For many years, movie studios were the Los Angeles Public Library’s main culprits of book theft. Studios often sent assistants to the library to take books, causing the library to employ someone whose main job it was to repossess books that were not returned. The library also once employed a bookbinder whose job it was to bind reference materials. Now, rare and expensive books are sent to private restorers for this service. Librarians throw out easily replaceable books when they begin to fall apart. The Los Angeles Public Library was among the first to go online, in 1994. In 2015, the library’s website had 11 million hits. Some of its visitors were hackers, most of them based in China or Russia. Orlean asked Matthew Mattson, who supervises the system, why people would hack into a library’s web system. Mattson told her that were practicing to learn how to hack into more sophisticated systems.

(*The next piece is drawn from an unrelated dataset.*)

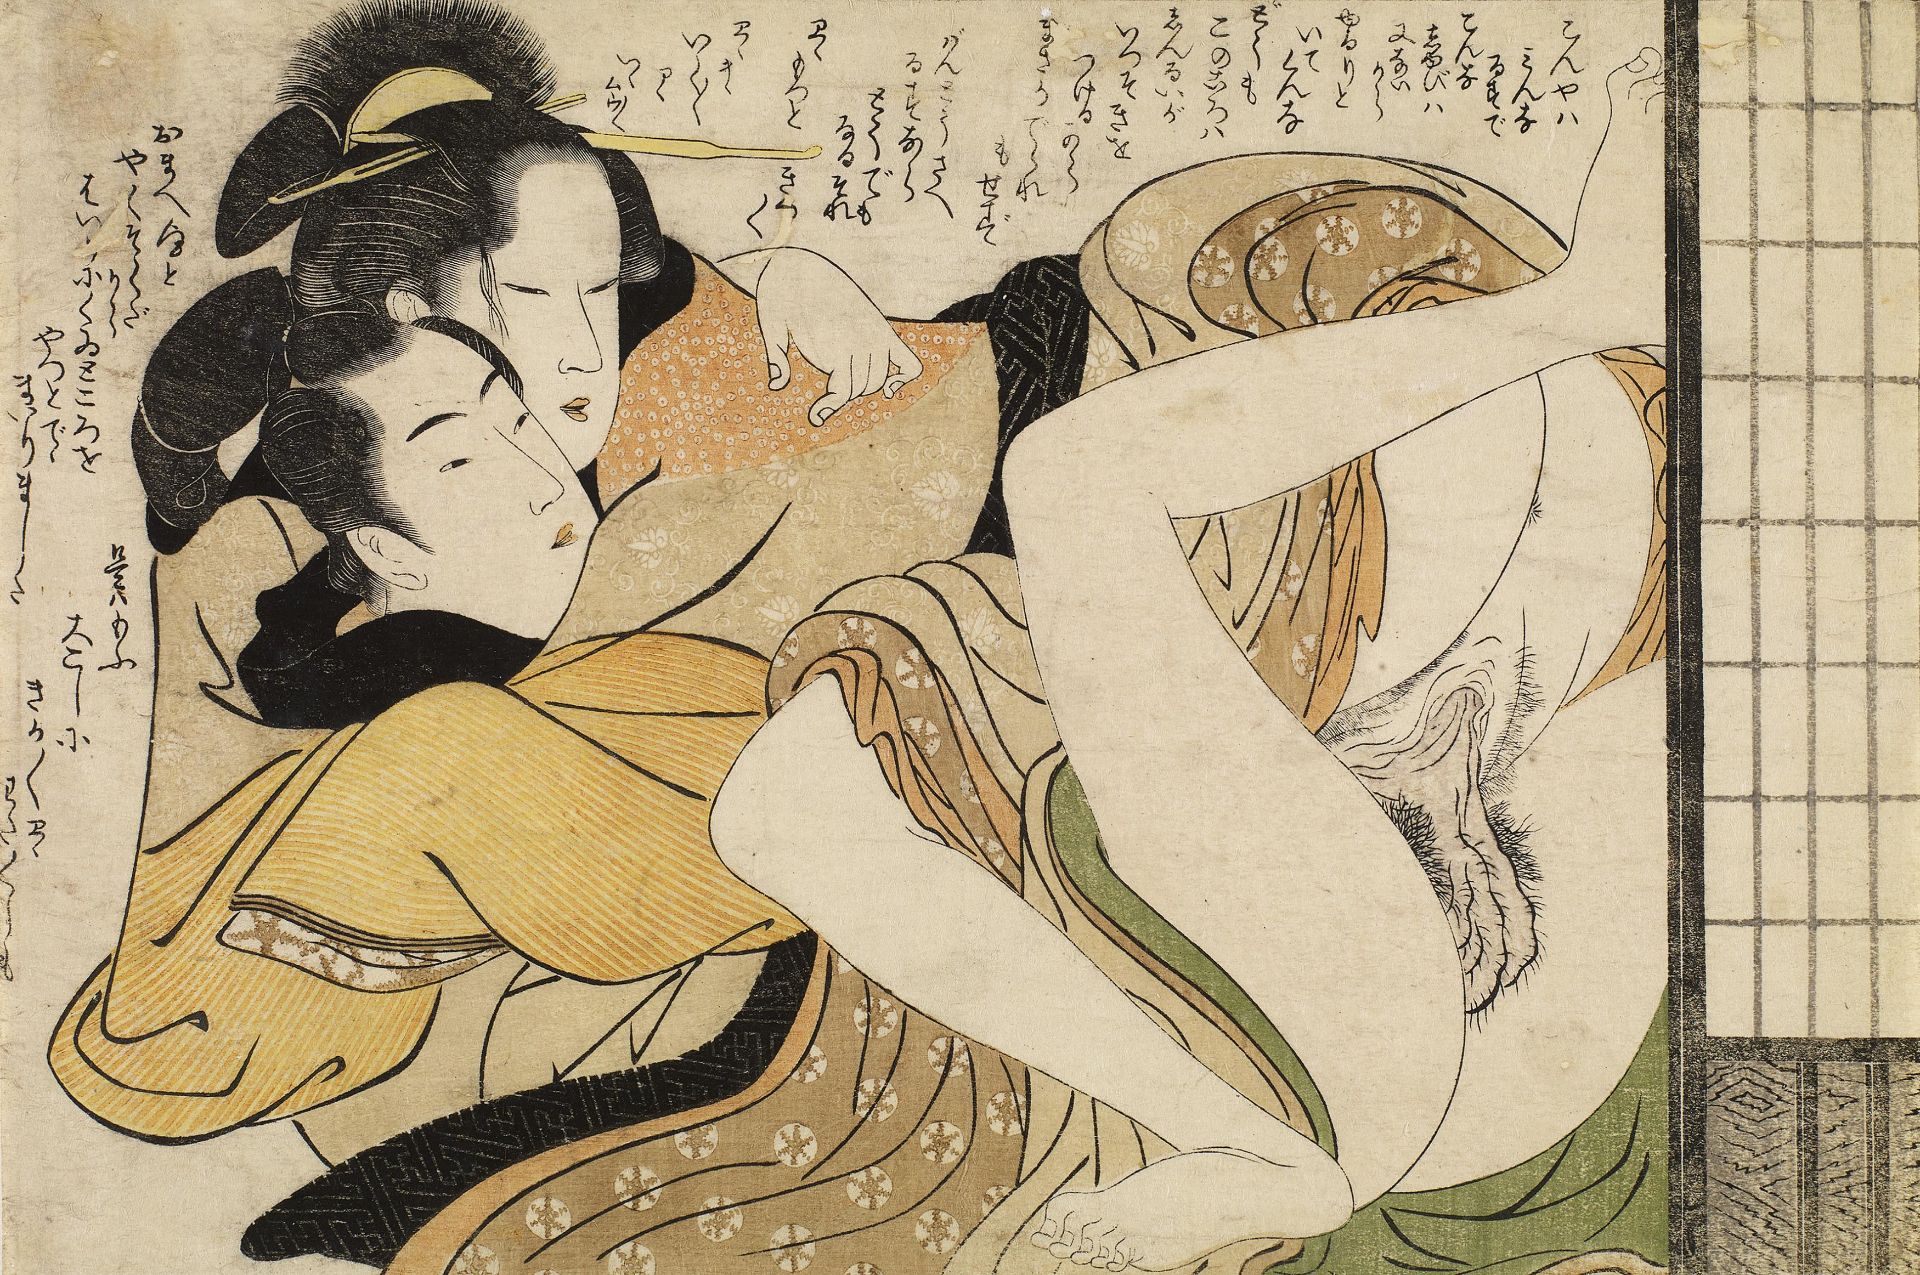 13 Blätter der Shunga-Serie "Fumi no kiyogaki" - Image 19 of 27

Each day, most of Central Library’s 3.4 million photographs are scanned and posted online. These include photos from Ansel Adams, who arrived in Los Angeles in 1939 and began documenting the aerospace industry, and from African American photographer Roland [sic] Curtis, who photographed the city’s African American community in the 1950s and 1960s. Both photographers donated their archives to the library. The Valley Times, a newspaper that was published from 1940s to the 1970s, donated 45,000 images after it shut down. It will take four years to scan all of the former newspaper’s photos for the online database. Additionally, LA Resistance, an antiwar group that operated from 1967 to 1971, donated its posters, pictures, leaflets, and other materials to the library.

After leaving the Digitization Department, Orlean walked around the building. Shortly before she learned about the fire at Central Library, Orlean decided that she would stop writing books. Returning to the library helped her change her mind. She remembered how important the library was to her when she was little. The memories comforted Orlean, whose mother’s memory was slipping further away due to dementia. Orlean realized that she needed to write the book to retain the memory of libraries that she and her mother once shared. 

Chapters 5-8 Analysis

In this section, Orlean demystifies books, thereby undermining the rationale behind her obsession with book-buying, which she developed in her early adulthood. Her act of burning a copy of Fahrenheit 451 both gave her a sense of what it must have looked like to see so many books burn and combust on April 29, 1986 and disabused Orlean of the notion that books were too precious to be destroyed. Like any material thing, books are destructible and, therefore, vulnerable. If the library exists to shield books from vulnerability but, it, too, can be destroyed, this indicates that nothing—not even the objects we hold most dear—can be protected completely.

Orlean also undermines the misconception that libraries are quiet, dull places in which little happens. In her exploration of the logistics of transporting books, Orlean exposes how the efficiency within libraries contrasts with the relative inefficiency of the city council that fails to fund basic amenities at the library. Her survey of the library’s staff demonstrates that there is also more diversity there than at many other public institutions.

The popularity of library books reveals both the public’s practical needs—tax-filing information, ideas for baby names—and its taste for salacious stories, such as Hollywood’s unsolved murders. Among the library’s needs is a necessity to transition from card catalogs to an online database. The library’s need to adapt its services to maintain its older materials—to hold on to its memory, that is—correlates with Orlean’s desire to remember what she once loved about the library. This is significant considering her mother’s descent into dementia. Orlean usually went to the library in her mother’s company and later reveals that, if her mother could have chosen any profession, she would have become a librarian.